CDU-Politiker Wegner fordert eine Debatte über die Berliner Hauptstadtfunktion. Die gesamtstaatliche Repräsentation des Bundes in Berlin müsse in einem neuen Hauptstadtgesetz geregelt werden. Es ergebe „keinen Sinn, weiter auf einer absurden Arbeitsteilung zu beharren, denn die Entwicklung in Richtung Berlin ist unumkehrbar“, sagte Wegner.

Zwei von drei Mitarbeitern in Berlin

Offenbar setze sich diese Erkenntnis unter immer mehr Politikern aus Nordrhein-Westfalen durch. 25 Jahre nach der Wiedervereinigung sei Berlin „die anerkannte Hauptstadt und das politische Zentrum Deutschlands“. Jetzt bestehe die Chance, „einen teuren und ineffizienten Anachronismus endgültig zu beenden“. Ziel sei die Wiedervereinigung der Bundesregierung in Berlin.

Auch den Bonnern sollte klar sein, dass es besser sei, einen „Wandel aktiv zu gestalten, statt von der Macht des Faktischen“ überrollt zu werden, sagte Wegner. Alle Beteiligten sollten sich an einen Tisch setzen, denn der „gute Wille für eine faire Regelung“ sei da. So könnte Bonn künftig als UN-Standort weiter gestärkt werden.

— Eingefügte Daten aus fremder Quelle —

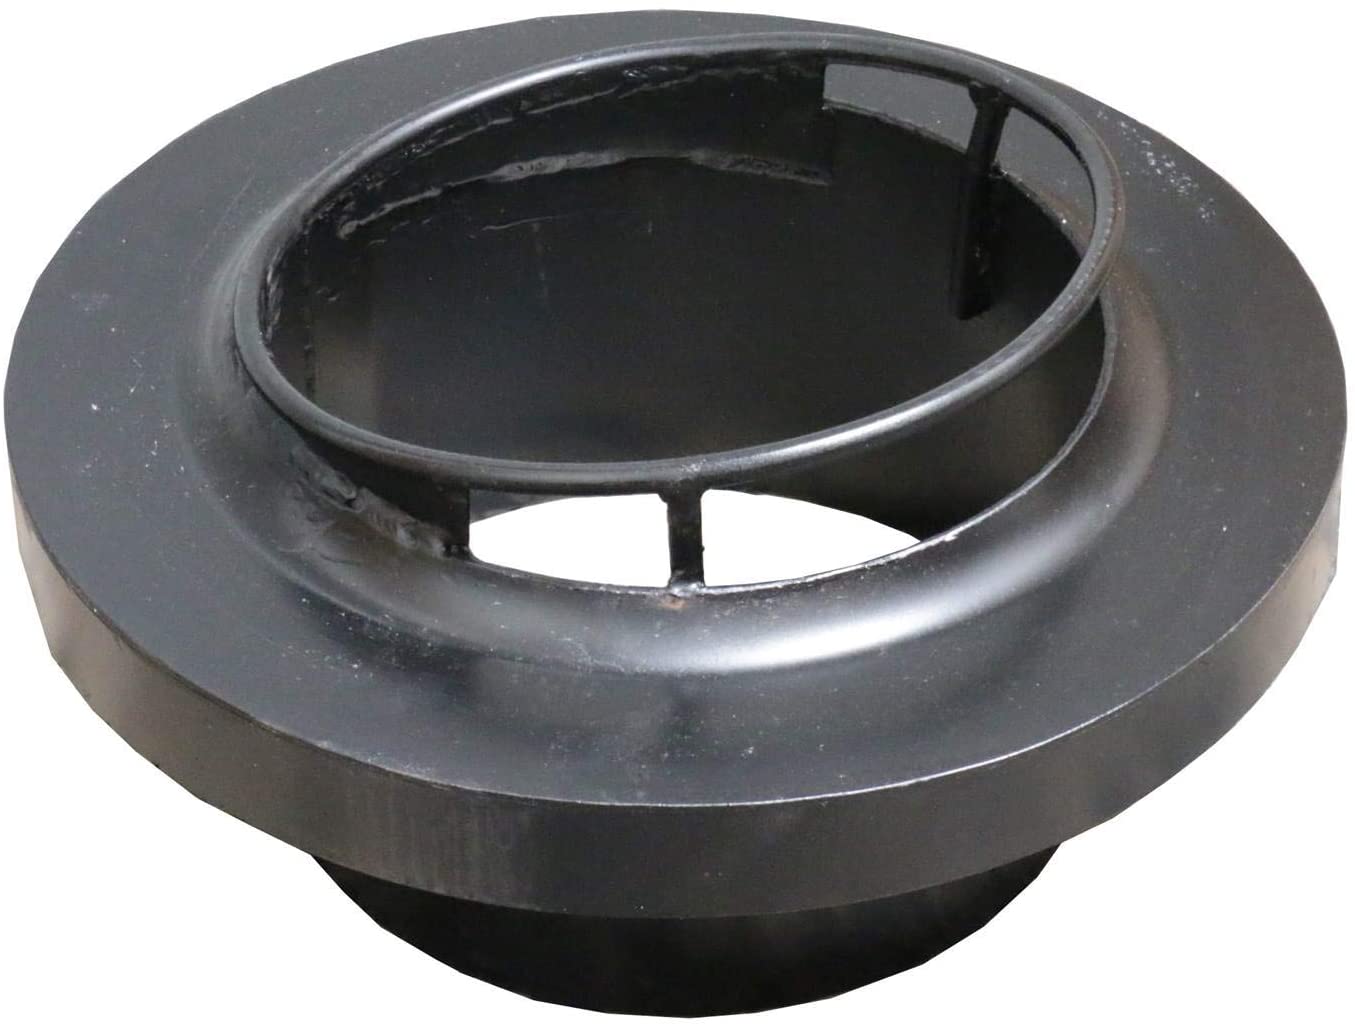 Leyso Chinese Wok Range Adapter/Reducer with Welded Ring - Convert The

Die Mehrkosten aufgrund derAufteilung der Amts- und Dienstsitze beliefen sich 2014 auf rund 7,7 Millionen Euro. Laut dem alle zwei Jahre erscheinenden Teilungskostenbericht lag 2013 der Berliner Anteil bei den Bundesbediensteten bei gut 60 Prozent – in diesem Jahr waren es schon 62 Prozent.

Das Bundesinnenministerium bestätigte wie berichtet diesen Trend: Inzwischen arbeiten zwei von drei Mitarbeitern der Bundesministerien – gut 11 000 Menschen – an der Spree. Die 27 Berliner Bundestagsabgeordneten werden wohl einhellig einen Komplettumzug nach Berlin befürworten. Doch eine fraktionsübergreifende gemeinsame Initiative wird es nicht geben: Gespräche mit Kollegen aus Nordrhein-Westfalen über einen Komplettumzug werden diskret geführt. Und es darf als sicher gelten, dass Hendricks ihren Vorstoß mit Parteifreundin und Ministerpräsidentin Hannelore Kraft abgesprochen hat.

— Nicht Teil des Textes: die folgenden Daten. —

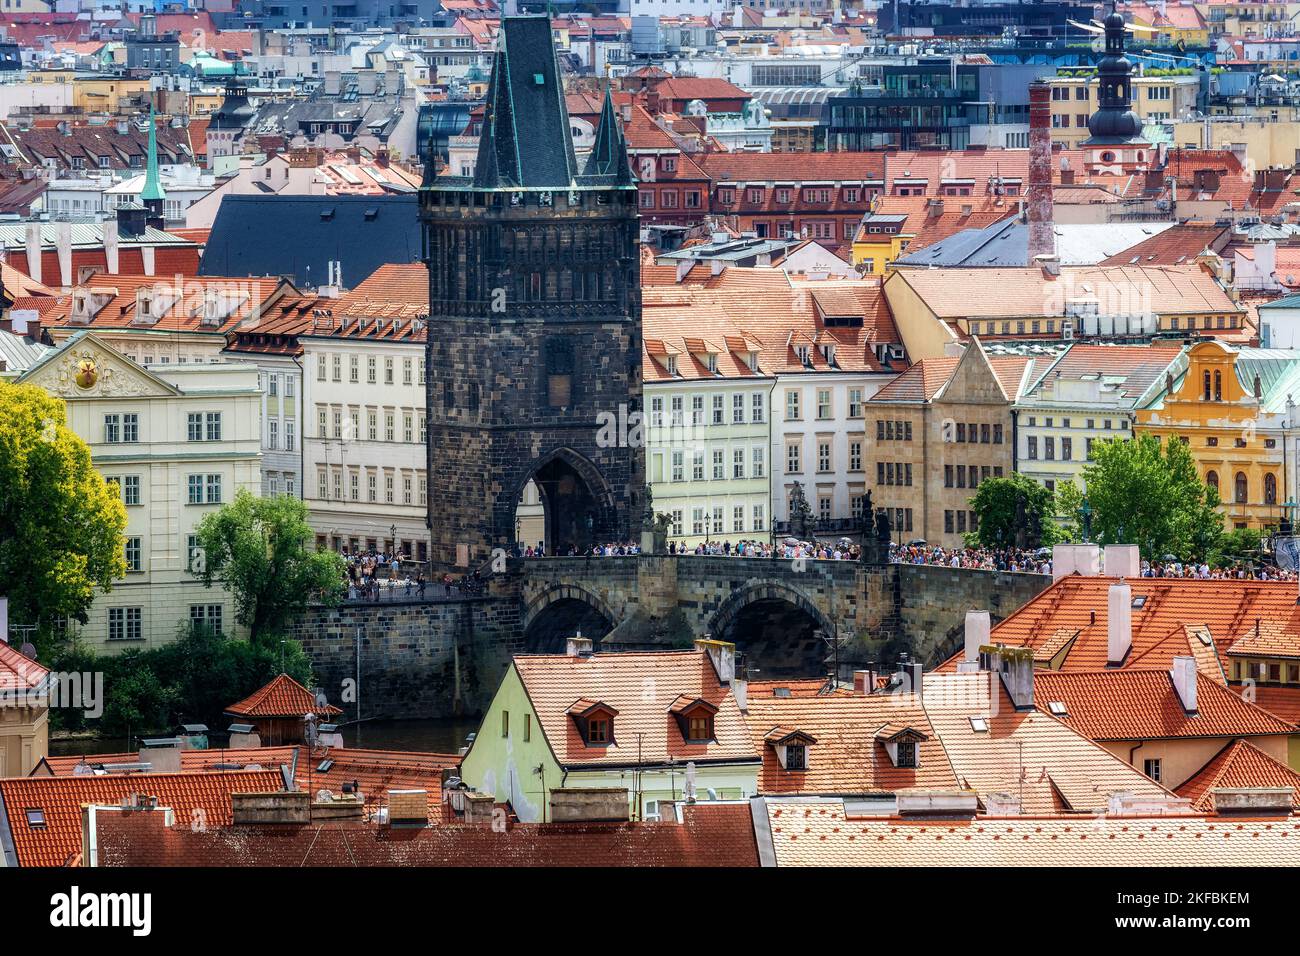 Tiled roofs of the city of Prague and a fragment of the Charles Bridge over the Vltava River. Stock Photo

Imm mehr Befürworter für den Umzug

SPD-Politikerin Eva Högl glaubt, 25 Jahre nach der Wiedervereinigung werde diese Debatte Fahrt aufnehmen. Es gebe immer mehr Befürworter für den Umzug, der sukzessive vonstattengehen müsse.

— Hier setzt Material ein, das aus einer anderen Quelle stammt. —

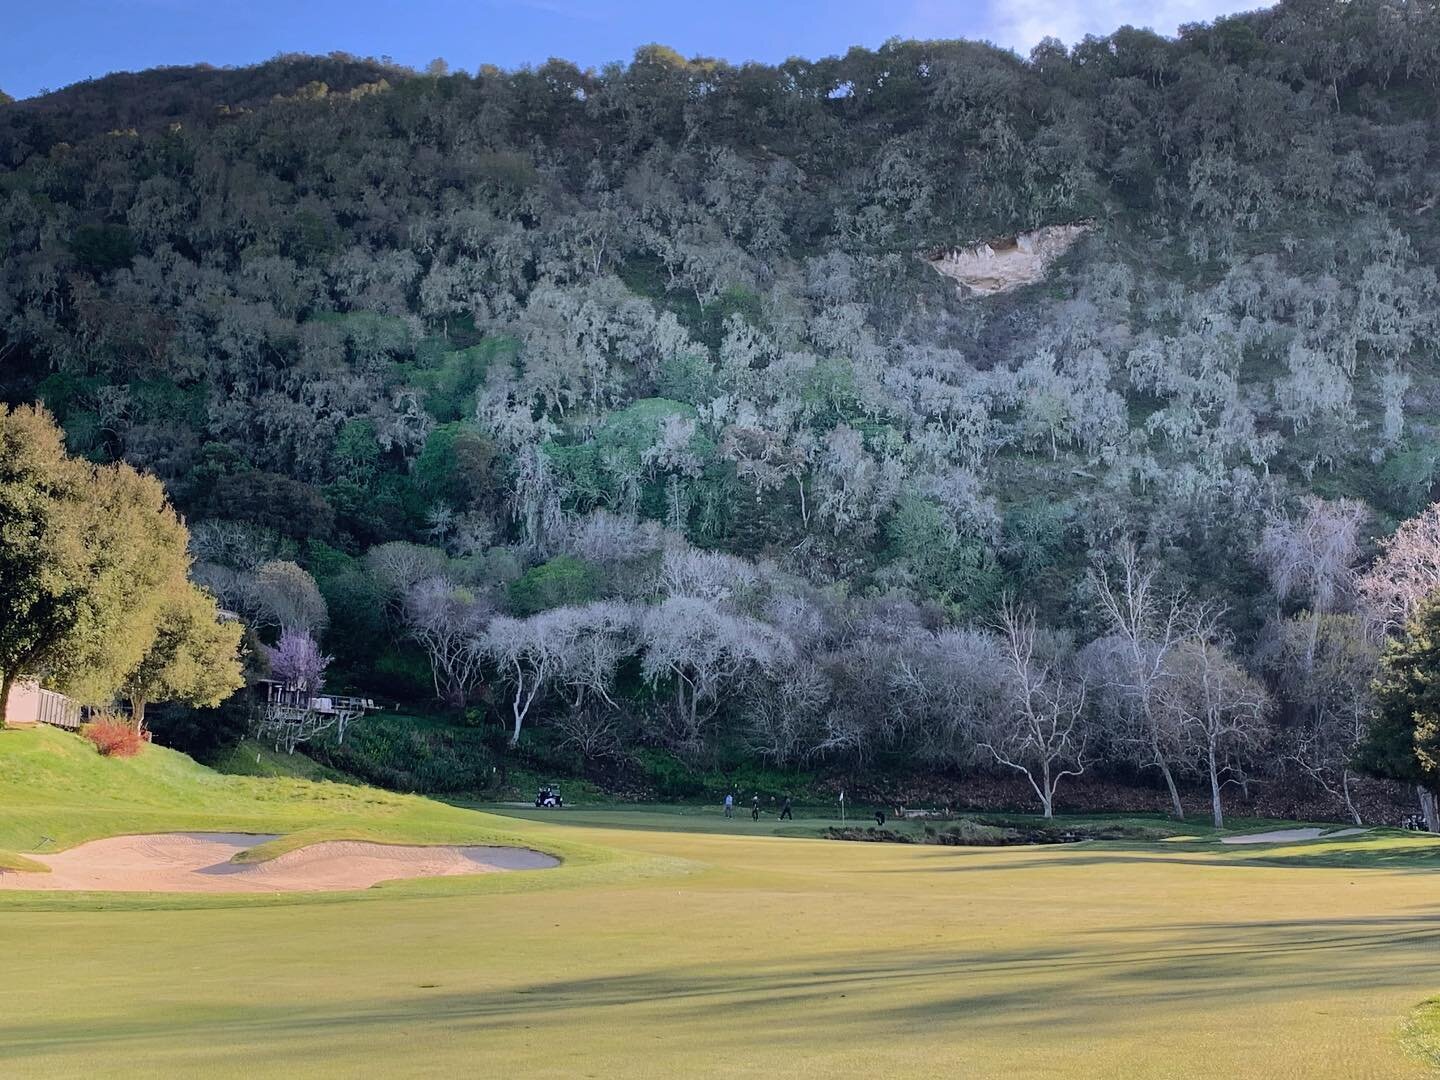 Awesome moody backdrop to this hole at @carmelvranch. Very fun day seeing old friends and meeting some new ones at the Northern California @gcsaa Institute meeting.

Bisher sei der Widerstand in der Regierung gegen einen Umzug „erheblich“ gewesen, sagte die Berliner Bundestagsabgeordnete Gesine Lötzsch (Linke), zugleich Vorsitzende des Haushaltsausschusses. Ihre Fraktion würde seit Jahren einen Komplettumzug fordern. „Dass jetzt der Umzug vollzogen werden soll, ist gut.“ Sie warnte aber vor einem „Scheinumzug“, bei dem nur die Schilder ausgewechselt würden. „Was heute ein Ministerium ist, wird morgen eine Oberste Bundesbehörde sein.“

Die Berliner Grünen-Politikerin Lisa Paus gehört seit 2009 dem Bundestag an. Auch nach sechs Jahren könne sie sich „nicht daran gewöhnen, dass in jeder Sitzungswoche viele Beamte aus Bonn nach Berlin geflogen werden müssen, um an Sitzungen der Ausschüsse teilzunehmen“, sagte Paus. Alle Ministerien gehörten nach Berlin, „allein schon damit die zahllosen klimaschädlichen und teuren Flüge zwischen Bonn und Berlin der Vergangenheit angehören“.